CH 104: Lesson 1a

 

Distinction between Chemical and Physical Changes

Now let's expand on the distinction between chemical reactions and physical changes that was alluded to earlier.

Chemical reactions involve changing the materials that you're dealing with into new materials, and the changes that you see are the result of the appearance of the new materials. The new material might have a different phase than the starting materials. For example, if you create something new from two liquids and it happens to be a gas, then you will get gas bubbles. There will be a new material with a new phase that wasn't there before. Also, you can observe chemical reactions by seeing color changes, if the new material has a different color than the starting materials. When a chemical reaction takes place, usually the temperature will also change. It will either go up or down, sometimes imperceptibly. Those are the kinds of changes that you might see. In chemical reactions the changes that you observe are caused by the creation of or loss of different kinds of materials.

Physical changes are similar in some ways because you are looking at the same kinds of things--changes in the phase, the color, the temperature. But the physical changes are changes in the condition of the material or changes caused by mixing materials together or taking them apart--just mixing or separating, not the creation of something new. For example, temperature changes are physical changes if they are caused by heating or cooling. If you add heat to something and the temperature goes up, that is a physical change. If you cool it off and the temperature goes down, that is a physical change. Phase changes are physical changes also, if they are caused by heating or cooling. If you take some water and you heat it up and it changes to gas, that is a physical change. You still have water, only now it is steam instead of liquid. Also included in physical changes are color changes that are caused simply by mixing or by diluting a material or, in some cases, even by heating. For example, if you turn on an electric range and the element gets hot, you can see a color change. That is also a physical change.

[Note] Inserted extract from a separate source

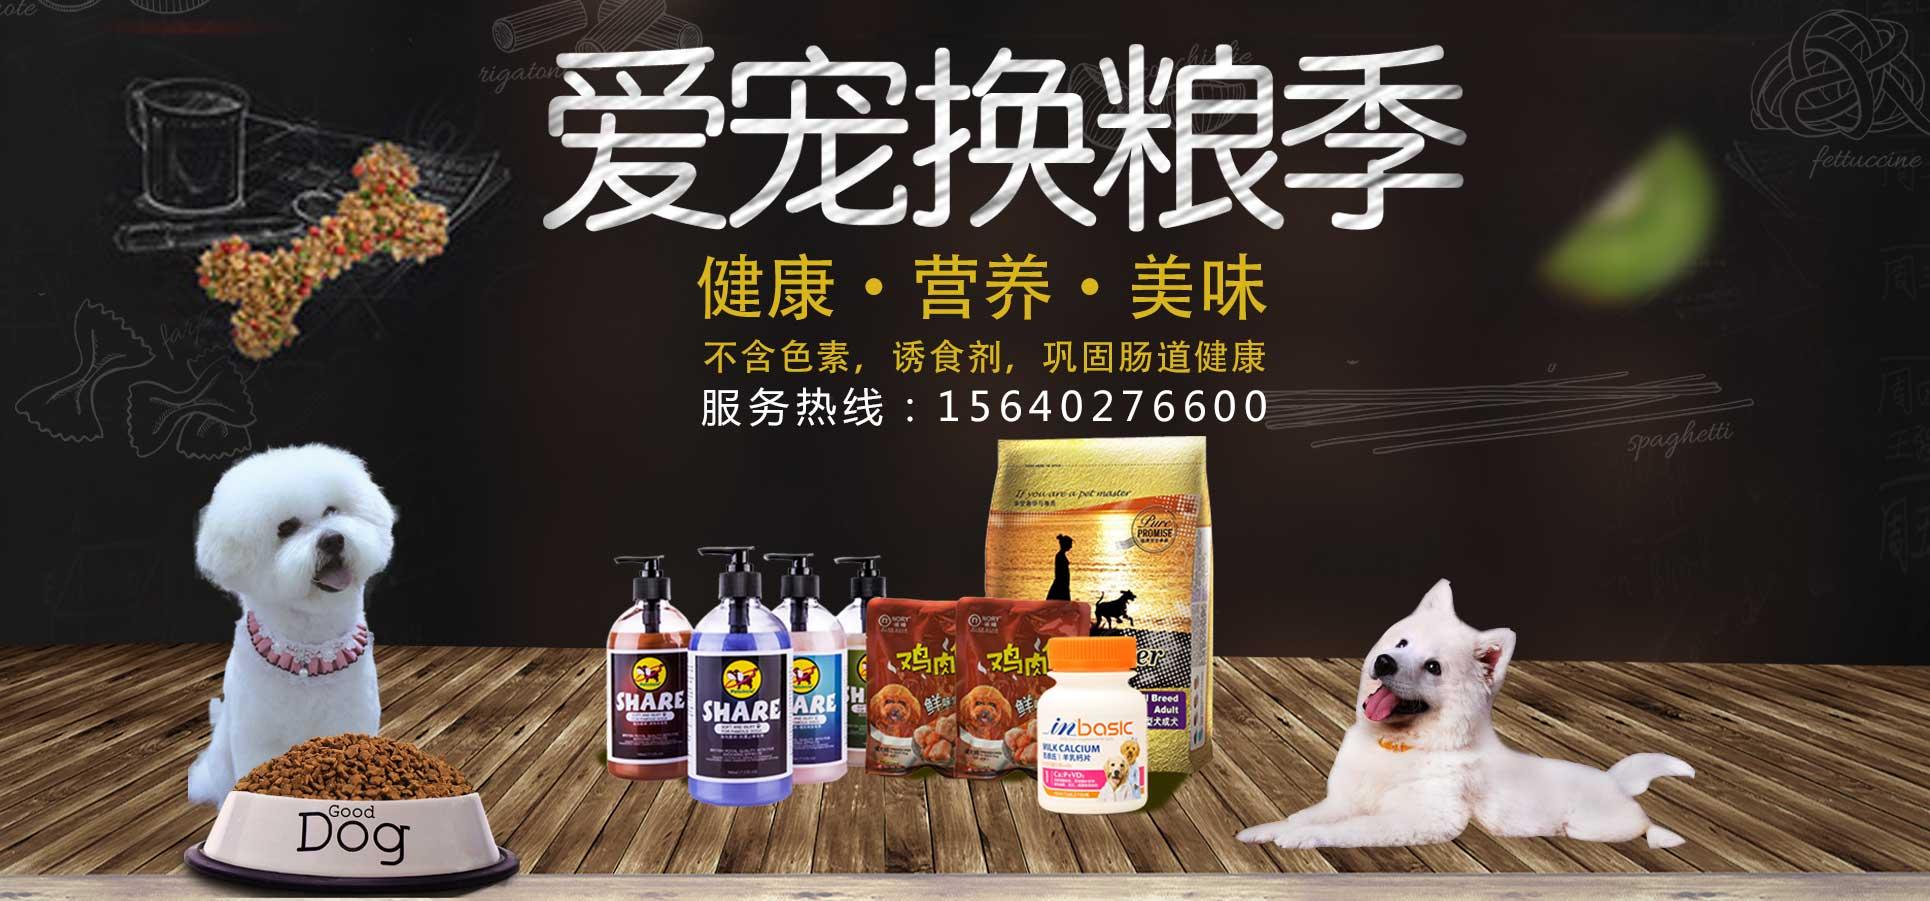 健康、美味、营养好吃的宠物食品。

Physical changes and chemical changes have much in common in that you are looking at similar kinds of results. The difference is whether the appearances or differences that you see are from a change in the condition of the material or from a change in what materials are present. That's the kind of thing you need to look for to distinguish between a chemical reaction and a physical change. It takes an inference to make that distinction. Sometimes it is very difficult to make that distinction and in some cases even chemists can get into arguments sometimes over what constitutes a physical or a chemical change. For example, when salt dissolves in water, some people say that is simply a physical change because if you evaporate away the water, you have the salt back again. Other people argue that there is a chemical change because the material present in solution has different properties than the separated pure water and pure salt. The solution will conduct electricity and the pure water and pure salt will not. So, there are cases where the distinction between physical and chemical changes gets kind of blurred. In a few weeks we will have more criteria we can use to distinguish between physical and chemical changes.